By Pooja Toshniwal PahariaDec 16 2022Reviewed by Aimee Molineux In a recent study published in Nature, researchers presented a comprehensive report on the estimated impact of the severe acute respiratory syndrome coronavirus 2 pandemic by estimating month-wise excess deaths for the years 2020 and 2021.
The excess COVID-19-associated mortality was calculated as the difference between the all-cause mortality during COVID-19, and that which was expected had the pandemic not occurred. In February 2021, the WHO collaborated with the United Nations social affairs and economic department to form the TAG to assess COVID-19-related deaths. In August of the same year, letters were sent to WHO members for nominating focus points to participate in nation-level consultations.
Data sources for the study included: Data shared routinely with WHO under the agreement and specifically submitted to WHO for the estimation project; data documented by European nations to Eurostat; the human mortality database, and the world mortality dataset. In addition, annual information for the years 2020 and 2021 was retrieved from the national statistics offices of Grenada, Saint Kitts and Nevis, China, Saint Vincent and the Grenadines, Vietnam, and Sri Lanka.
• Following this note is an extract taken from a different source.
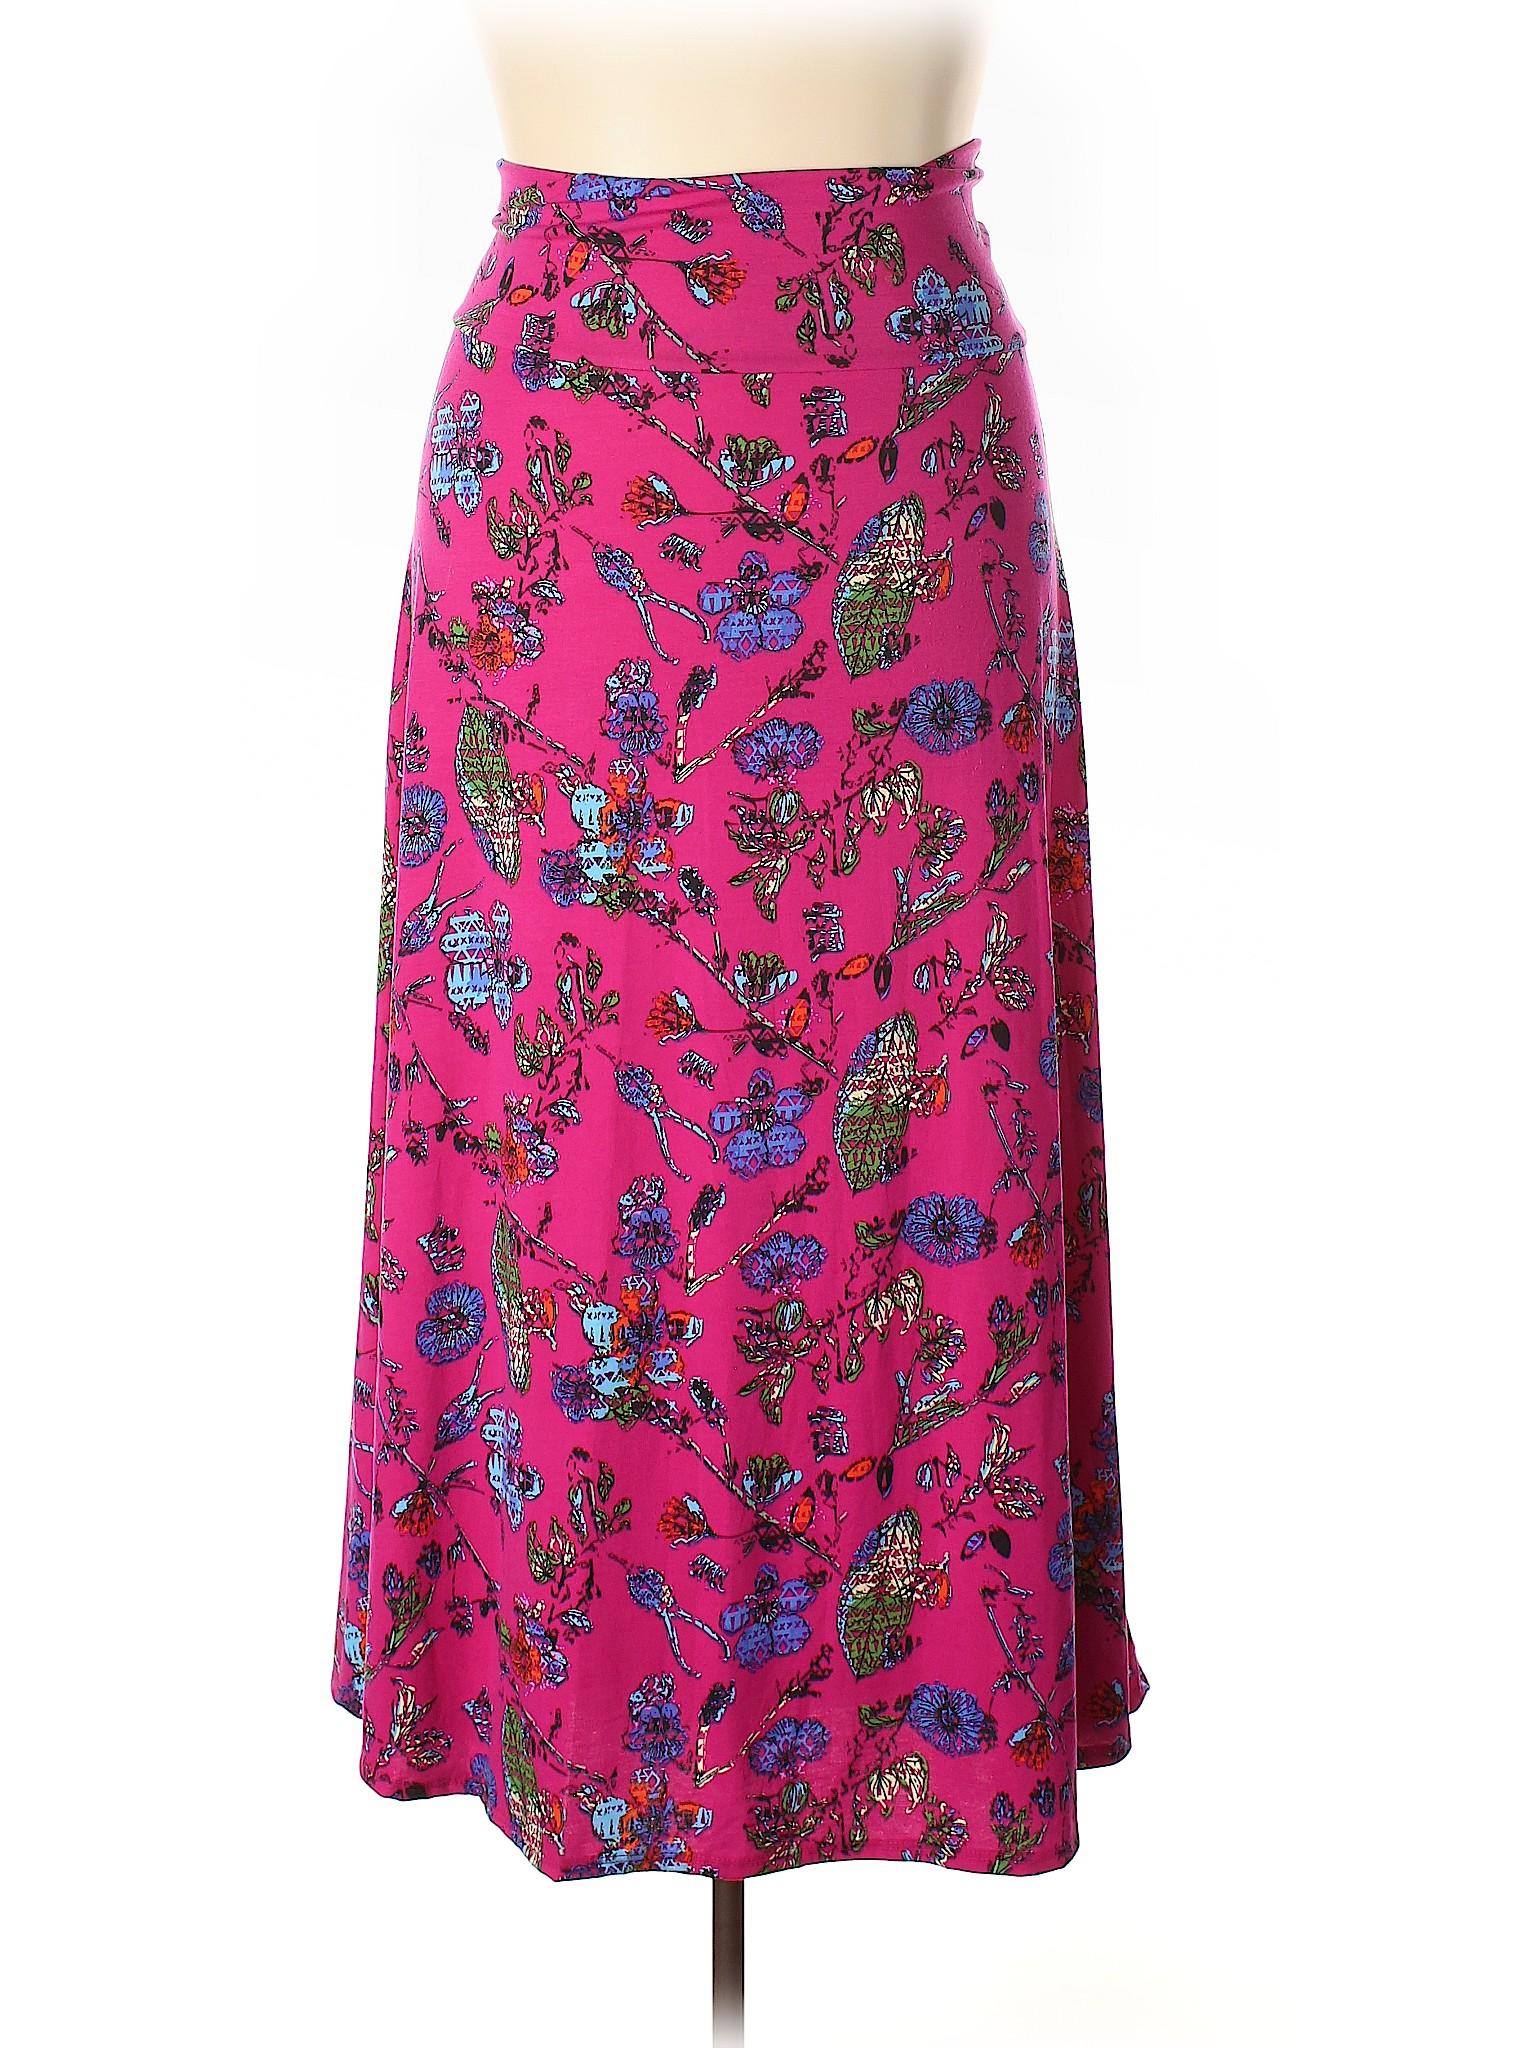 Boutique Skirt Casual Lularoe Skirt Casual Boutique Boutique Lularoe 0nW5qxvwz
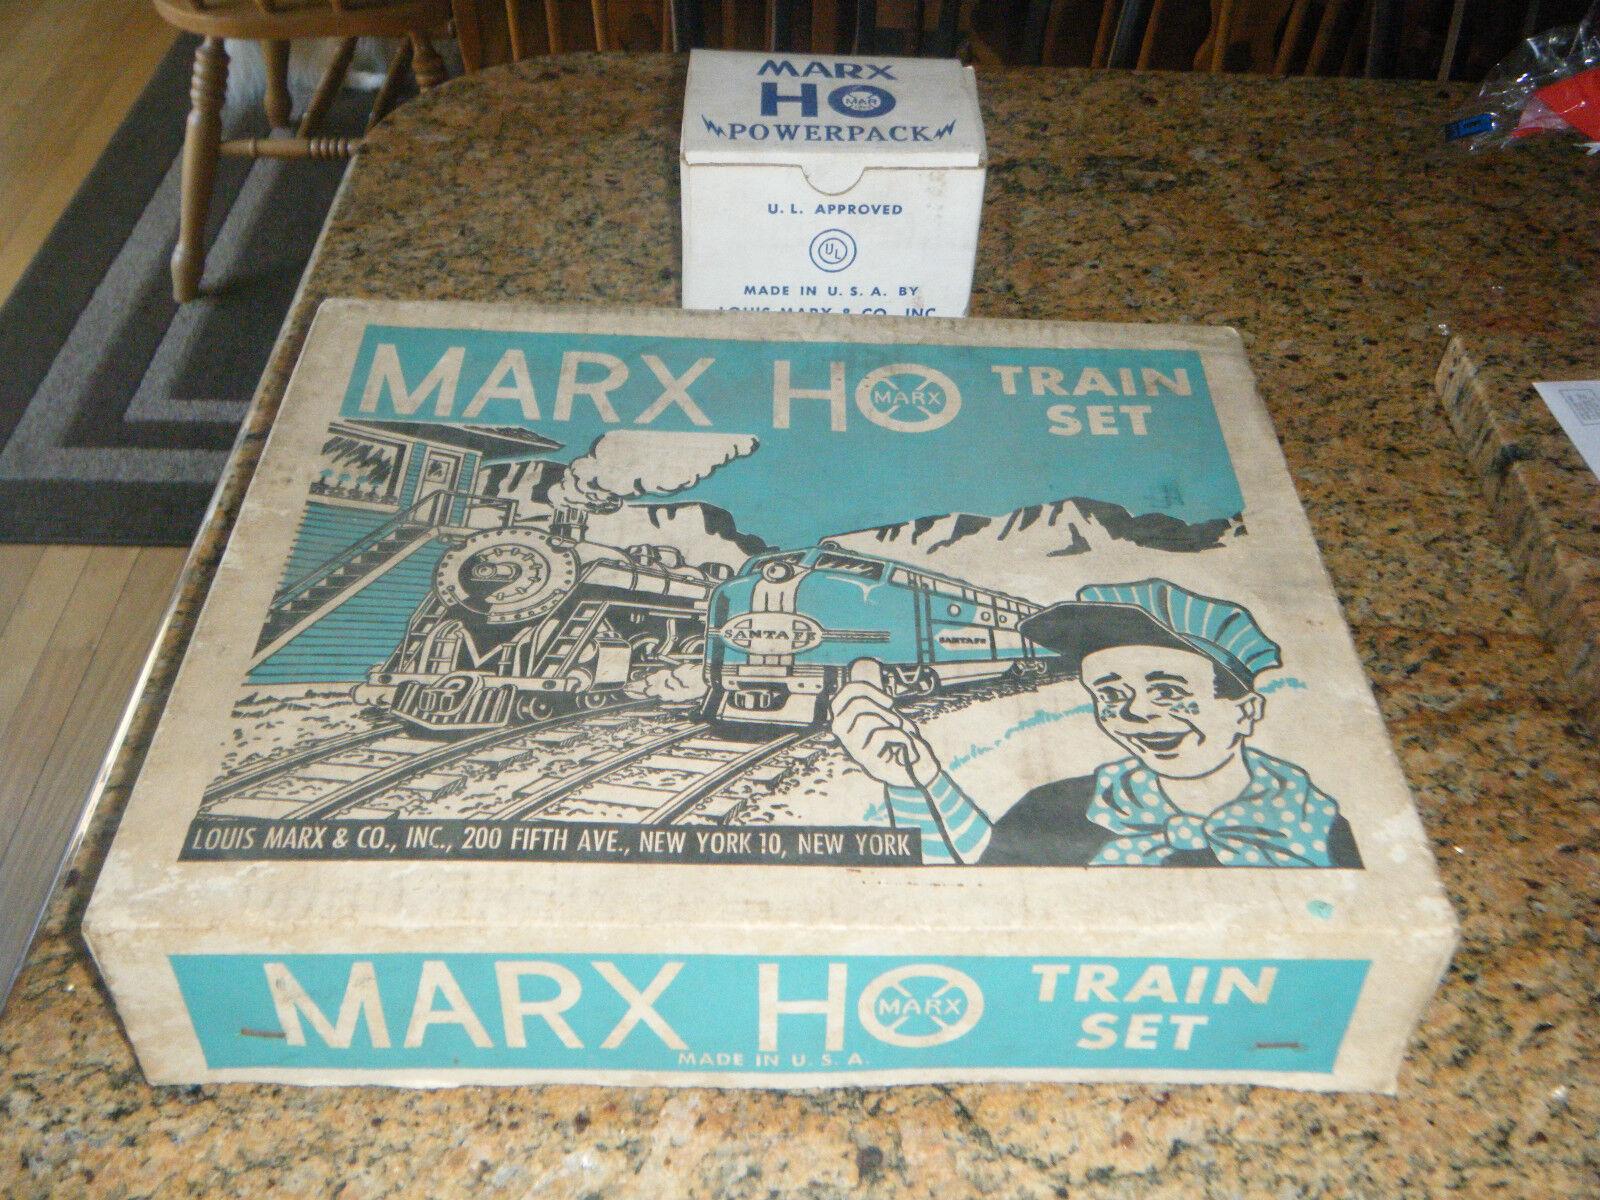 MARX HO TRAIN SET ORIGINAL scatola  16455 energiaPACK  6029 LOT TRACK nuovo HAVEN ENGINE

Results The team estimated 15 million excess COVID-19-associated deaths globally, three times higher than the five million deaths documented between 2020 and 2021. The global excess deaths estimated in 2020 and 2021 were 4.5 and 10.4, respectively, with increases of 8.0% and 18% in global deaths, during the corresponding years, compared to deaths expected if the pandemic did not occur.